Cincinnati Financial Corp. has agreed to acquire MSP Underwriting Limited, a London-based global specialty underwriter and Munich Re subsidiary, in a bid to diversify its earnings and expand its markets beyond the U.S.
The proposed all-cash transaction is for £102 million ($134 million), based on MSP Underwriting’s projected net asset value at closing.
“Adding MSP Underwriting to the Cincinnati family brings experienced underwriters who we believe will open opportunities for us to support our agents in new geographies and lines of business,” said Steven J. Johnston, Cincinnati president and chief executive officer.

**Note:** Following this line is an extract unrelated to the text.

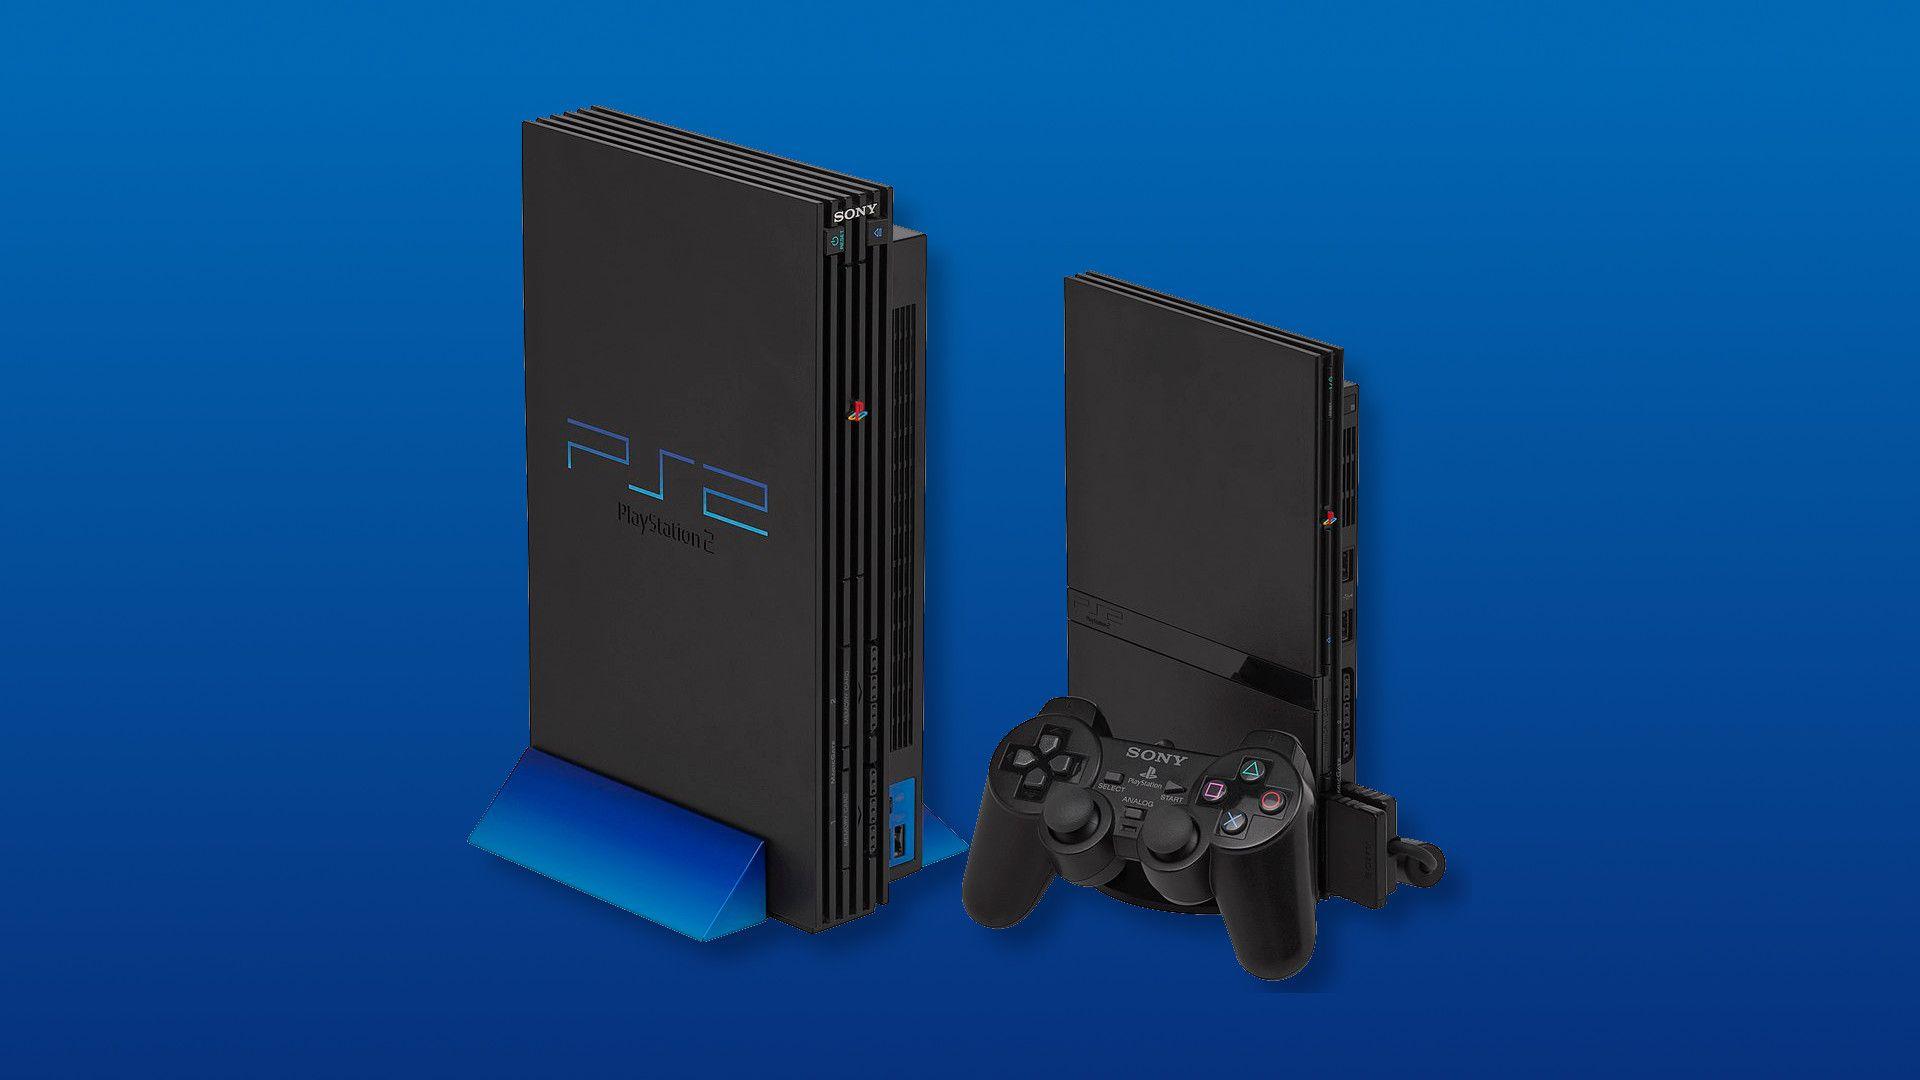 What Is PlayStation 2?

Johnston said the deal complements his firm’s existing large commercial account, excess and surplus lines, high net worth personal lines and reinsurance growth initiatives.

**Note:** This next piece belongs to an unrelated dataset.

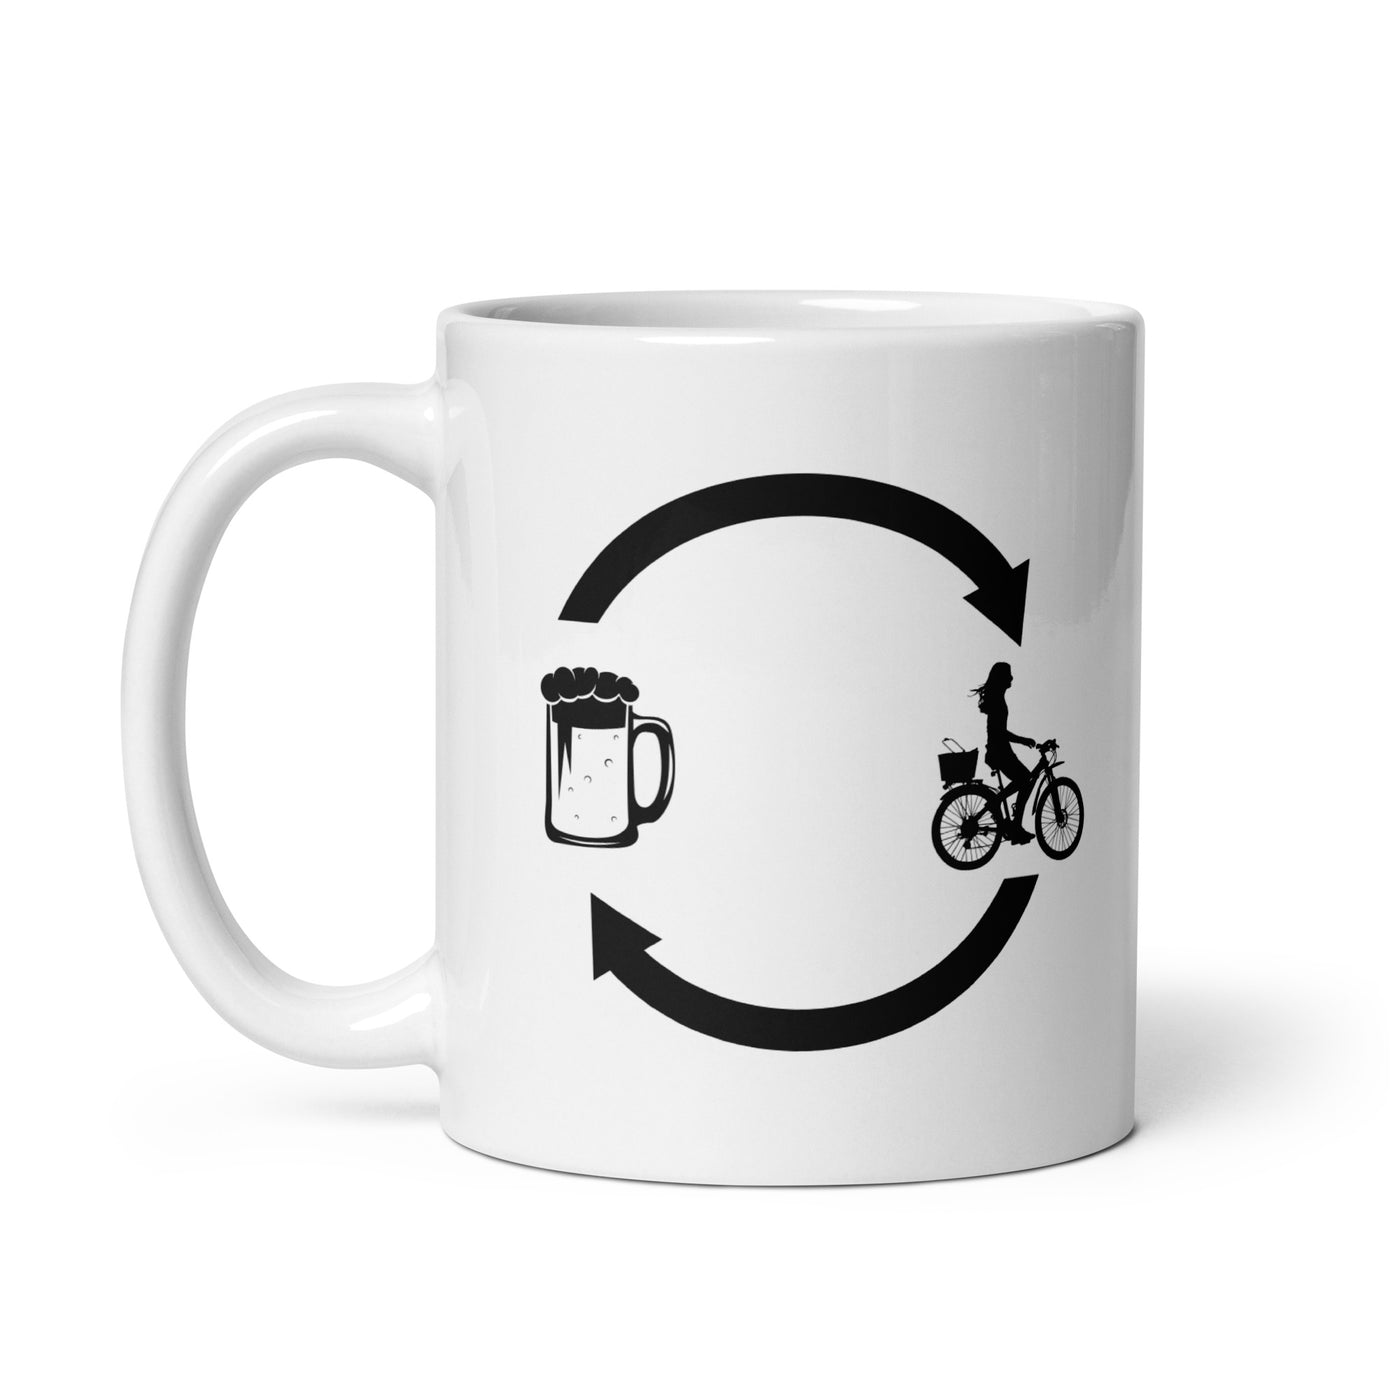 Beer Loading Arrows And Cycling 2 - Tasse fahrrad 11oz

“MSP’s size allows us to follow our proven strategy of building successful insurance businesses over time – just as we have with our excess and surplus lines subsidiary and our reinsurance assumed business,” Johnston added.
As a wholly owned subsidiary of Cincinnati Financial, MSP Underwriting will continue to operate under its own brand and with its existing leadership team. Underwriting will continue to be managed by Lloyd’s Syndicate 318.
The transaction has been approved by Cincinnati’s board of directors and is expected to close in the first quarter of 2019.
Based in London, MSP Underwriting operates through Beaufort Underwriting Agency Limited, which underwrites for Lloyd’s Syndicate 318. MSP’s 2017 net written premiums totaled $162 million, with a mix of 62 percent property (direct & facultative) focused on global medium-to-large commercial risks; 31 percent property (binder) focused on North American commercial property and homeowners; and 7 percent aviation, mostly smaller airlines and some general aviation, generally non-U.S. risks.
MSP Underwriting has earned an underwriting profit in 20 out of the last 24 years. Cincinnati expects this trend to continue and projects the MSP combined ratio for the next five years to average 90 to 95.
MSP’s future business plans call for targeted expansion into new classes of business.
More than 70 percent of MSP’s business is in the U.S. and Canada.
Cincinnati expects the acquisition to generate an attractive return over time. Based on current assumptions, the company expects the acquisition to be accretive to 2019 net income.
Cincinnati said it sees broad access to a Lloyd’s platform with numerous international licenses providing it with potential to help more accounts requiring specialization
Cincinnati said it also believes its own catastrophe modeling capabilities can enhance MSP’s underwriting.
Peter Röder, member of the board of management of Munich Re, commented that Cincinnati Financial is “perfectly suited for enhancing MSP Underwriting’s business.”
After the sale, Röder said Munich Re will have a “focused and less complex set-up” within the Lloyd’s market, instead of running two platforms in parallel. ‘We remain committed to the Lloyd’s market, and will continue to grow the business within Munich Re Syndicate Ltd.,” he said.
The move by Cincinnati comes a few months after another U.S. insurer, The Hanover Insurance Group, cashed in on a similar venture abroad. In September, The Hanover agreed to sell Chaucer, its Lloyd’s-focused international specialty business, to China Reinsurance Group Corp. for $950 million. The insurer had indicated in March it was considering selling Chaucer. The insurer said the sale of Chaucer will allow it to focus on expanding its domestic business. The sale is still in process. The Hanover acquired Chaucer in 2011 in a $474 million deal.
Fairfield, Ohio-headquartered Cincinnati Financial was founded in 1950 by four independent agents. It offers business, home and auto insurance through The Cincinnati Insurance Co. and its two standard market property/casualty companies in 42 states through about 1,700 independent agents. The Cincinnati Specialty Underwriters Insurance Co. underwrites Cincinnati’s excess and surplus lines business.
Cincinnati Financial also has two financial services subsidiaries. CFC Investment Co. offers leasing and financing services. CSU Producer Resources Inc., a wholly owned excess and surplus lines brokerage, serves the same local independent agencies that sell the insurer’s standard market policies.
The Cincinnati Life Insurance Co. subsidiary markets life and disability income insurance and annuities.
JLT Capital Markets acted as financial advisor and Sidley Austin acted as legal advisor to Cincinnati Financial Corporation. Fenchurch Advisory Partners acted as financial advisor and Norton Rose Fulbright acted as legal advisor to Munich Re.